Problem to solve: Only the lines from the top of the following listing through the line with "Zeng Fanzhi, The Last Supper, 2001" belong in your answer, exactly as written.

Input data:
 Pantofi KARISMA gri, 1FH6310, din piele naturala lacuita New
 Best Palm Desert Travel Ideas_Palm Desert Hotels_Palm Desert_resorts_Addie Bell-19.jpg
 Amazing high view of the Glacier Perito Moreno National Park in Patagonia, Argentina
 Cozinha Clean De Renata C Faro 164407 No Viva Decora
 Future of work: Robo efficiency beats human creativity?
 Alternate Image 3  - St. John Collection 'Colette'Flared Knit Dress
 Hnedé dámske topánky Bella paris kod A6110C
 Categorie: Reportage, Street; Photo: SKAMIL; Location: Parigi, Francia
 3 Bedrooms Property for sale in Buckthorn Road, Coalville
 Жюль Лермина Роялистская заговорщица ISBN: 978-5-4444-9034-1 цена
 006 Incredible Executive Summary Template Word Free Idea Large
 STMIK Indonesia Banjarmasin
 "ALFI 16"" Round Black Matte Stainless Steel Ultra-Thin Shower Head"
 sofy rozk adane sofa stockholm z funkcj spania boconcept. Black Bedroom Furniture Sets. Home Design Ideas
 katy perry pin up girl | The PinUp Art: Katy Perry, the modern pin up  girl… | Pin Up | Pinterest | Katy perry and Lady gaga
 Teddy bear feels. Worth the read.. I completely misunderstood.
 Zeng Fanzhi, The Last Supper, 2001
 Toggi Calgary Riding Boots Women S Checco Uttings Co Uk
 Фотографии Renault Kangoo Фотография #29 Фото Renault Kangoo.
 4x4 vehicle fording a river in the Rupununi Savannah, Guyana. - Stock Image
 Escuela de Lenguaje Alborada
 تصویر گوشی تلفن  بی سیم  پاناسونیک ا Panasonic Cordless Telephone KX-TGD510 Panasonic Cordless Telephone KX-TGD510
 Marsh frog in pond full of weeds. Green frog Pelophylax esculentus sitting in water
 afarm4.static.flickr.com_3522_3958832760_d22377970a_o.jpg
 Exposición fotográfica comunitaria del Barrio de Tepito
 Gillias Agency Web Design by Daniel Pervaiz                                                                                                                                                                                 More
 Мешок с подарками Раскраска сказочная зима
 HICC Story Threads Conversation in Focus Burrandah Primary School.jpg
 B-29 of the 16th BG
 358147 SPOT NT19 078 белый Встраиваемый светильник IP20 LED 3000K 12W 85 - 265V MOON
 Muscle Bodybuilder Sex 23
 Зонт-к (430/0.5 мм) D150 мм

Answer box:
 Pantofi KARISMA gri, 1FH6310, din piele naturala lacuita New
 Best Palm Desert Travel Ideas_Palm Desert Hotels_Palm Desert_resorts_Addie Bell-19.jpg
 Amazing high view of the Glacier Perito Moreno National Park in Patagonia, Argentina
 Cozinha Clean De Renata C Faro 164407 No Viva Decora
 Future of work: Robo efficiency beats human creativity?
 Alternate Image 3  - St. John Collection 'Colette'Flared Knit Dress
 Hnedé dámske topánky Bella paris kod A6110C
 Categorie: Reportage, Street; Photo: SKAMIL; Location: Parigi, Francia
 3 Bedrooms Property for sale in Buckthorn Road, Coalville
 Жюль Лермина Роялистская заговорщица ISBN: 978-5-4444-9034-1 цена
 006 Incredible Executive Summary Template Word Free Idea Large
 STMIK Indonesia Banjarmasin
 "ALFI 16"" Round Black Matte Stainless Steel Ultra-Thin Shower Head"
 sofy rozk adane sofa stockholm z funkcj spania boconcept. Black Bedroom Furniture Sets. Home Design Ideas
 katy perry pin up girl | The PinUp Art: Katy Perry, the modern pin up  girl… | Pin Up | Pinterest | Katy perry and Lady gaga
 Teddy bear feels. Worth the read.. I completely misunderstood.
 Zeng Fanzhi, The Last Supper, 2001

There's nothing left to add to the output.